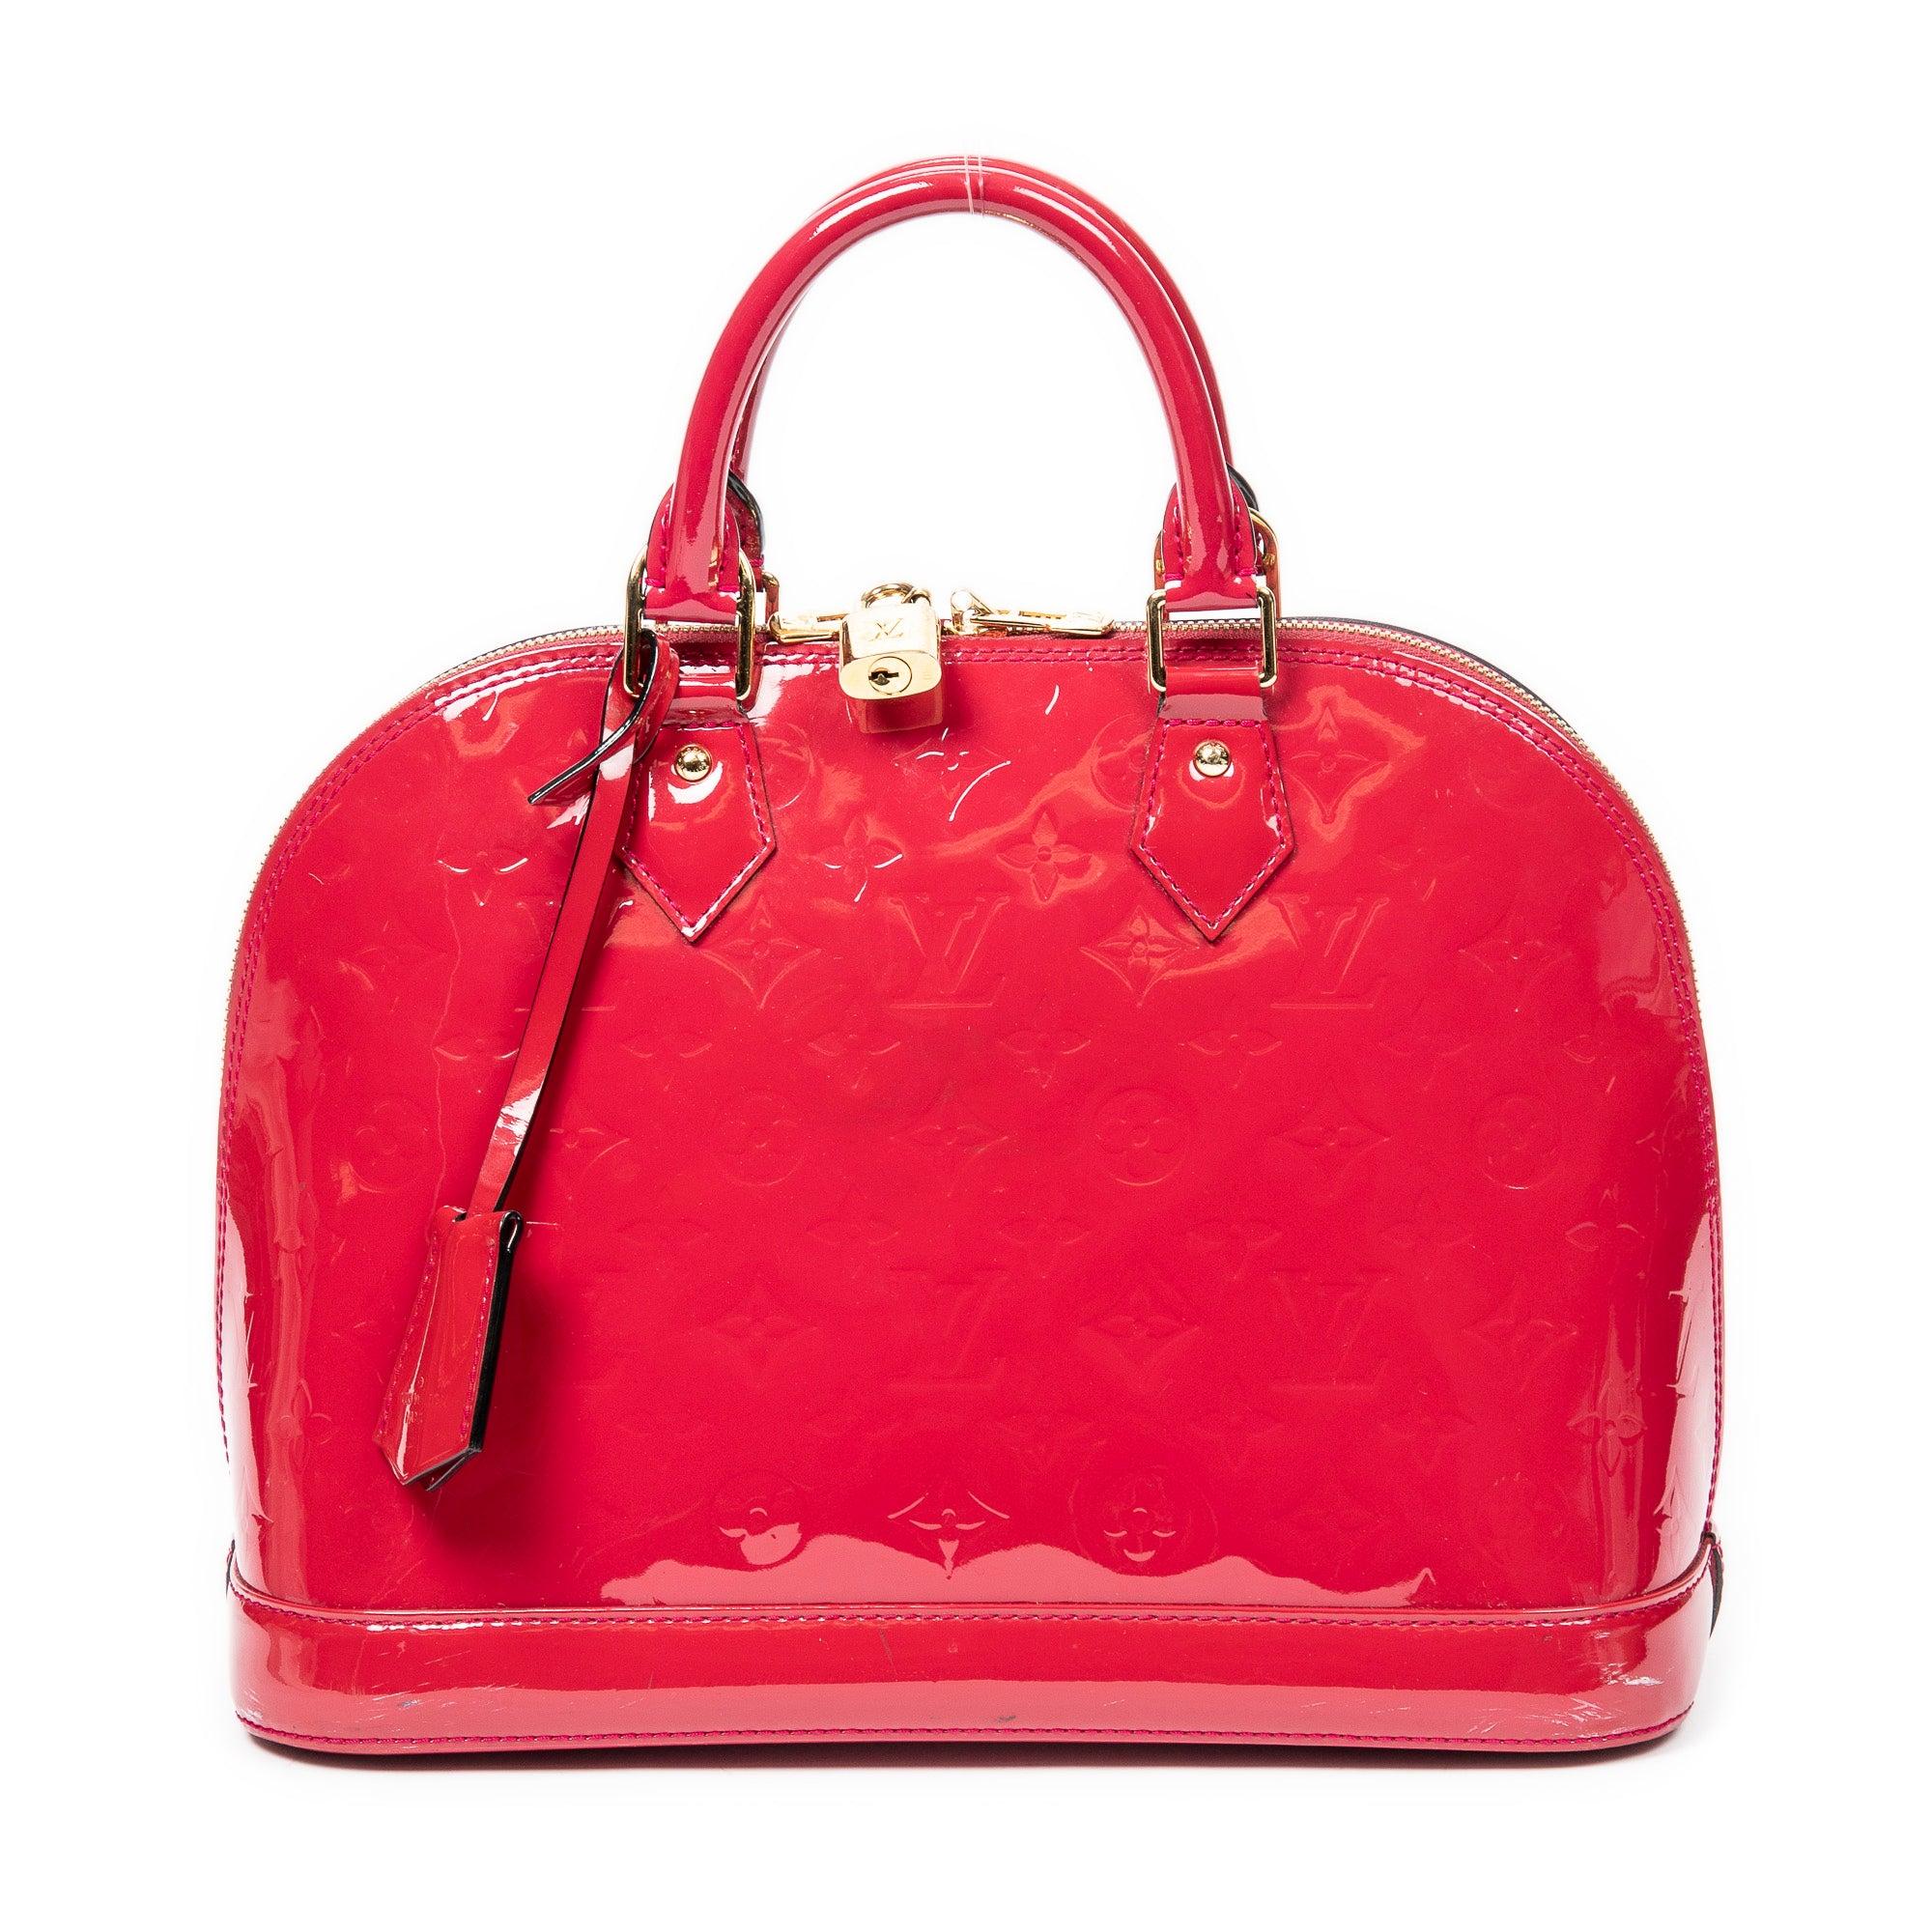 Louis Vuitton Alma Pm in Red
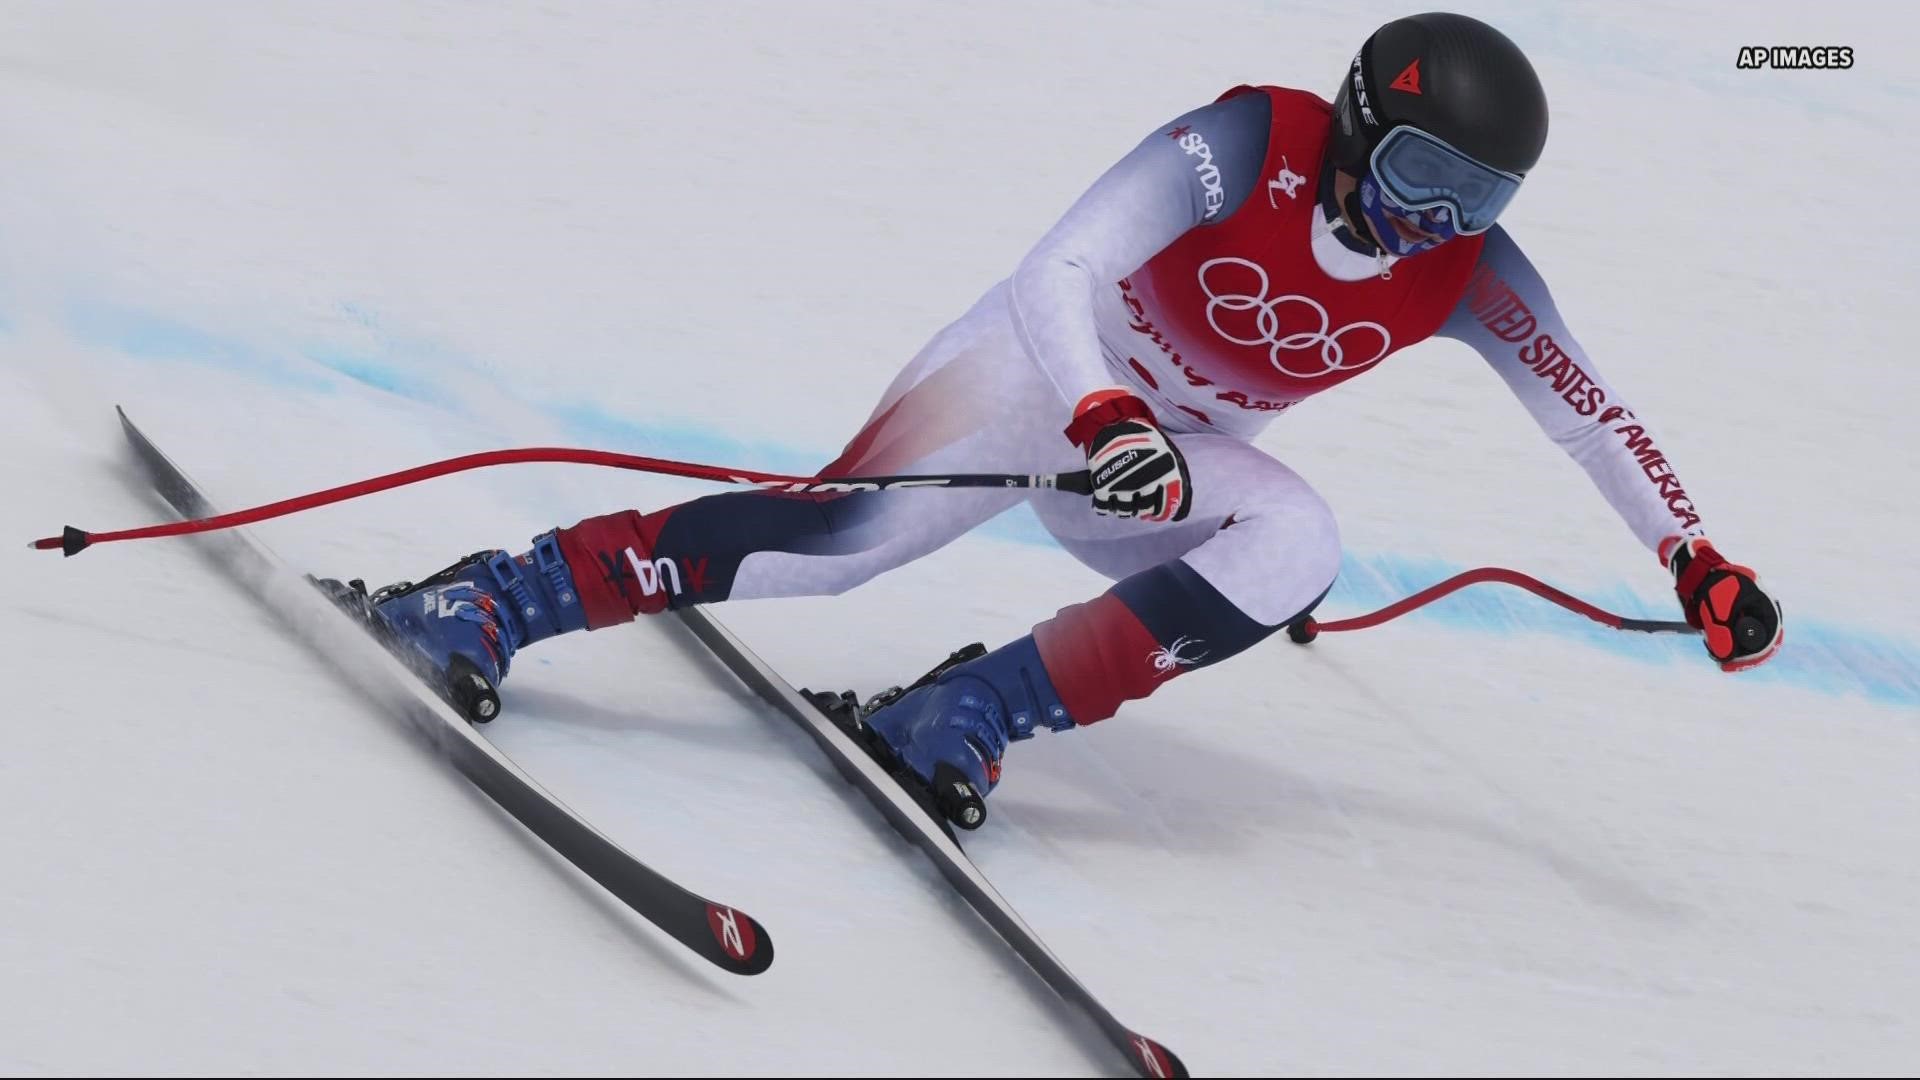 Portland skier Jackie Wiles finished 21st overall in downhill at the Winter Olympics in Beijing. It was her best finish ever in the Olympics.
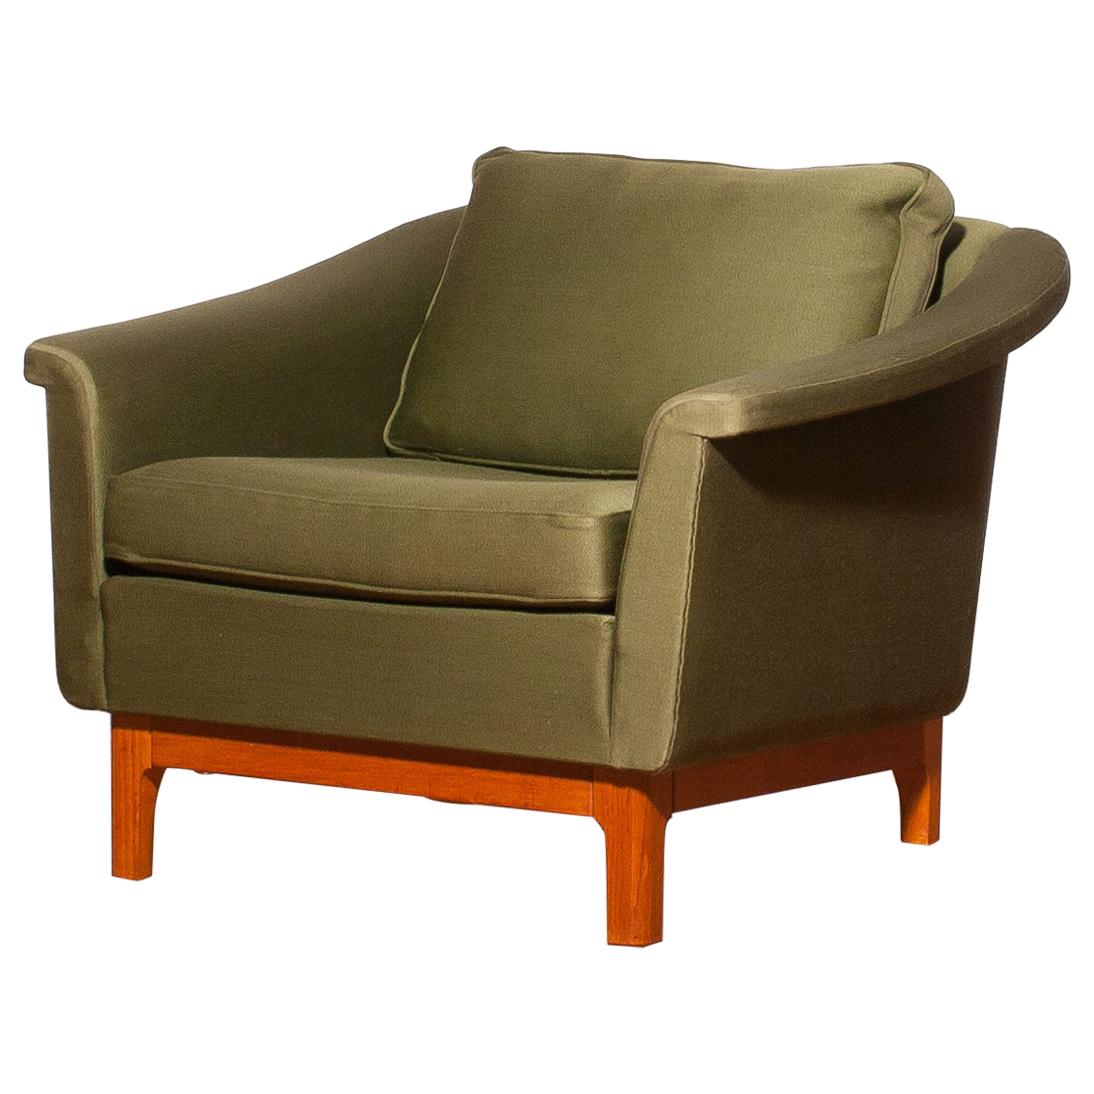 Beautiful lounge chair 'Pasadena' designed by Folke Ohlsson
and produced by DUX Ljungs Industrier, Sweden.
It is a very solid chair with a green upholstery
and teak frame.
The chair is in good condition.
Period: 1960s.
Dimensions: H 65 cm, W

----------

About this task:
Starting at the line that contains "The chair is in good condition.", repeat each line exactly through the last one in the listing. Include both of those lines and nothing more.

Exercise solution:
The chair is in good condition.
Period: 1960s.
Dimensions: H 65 cm, W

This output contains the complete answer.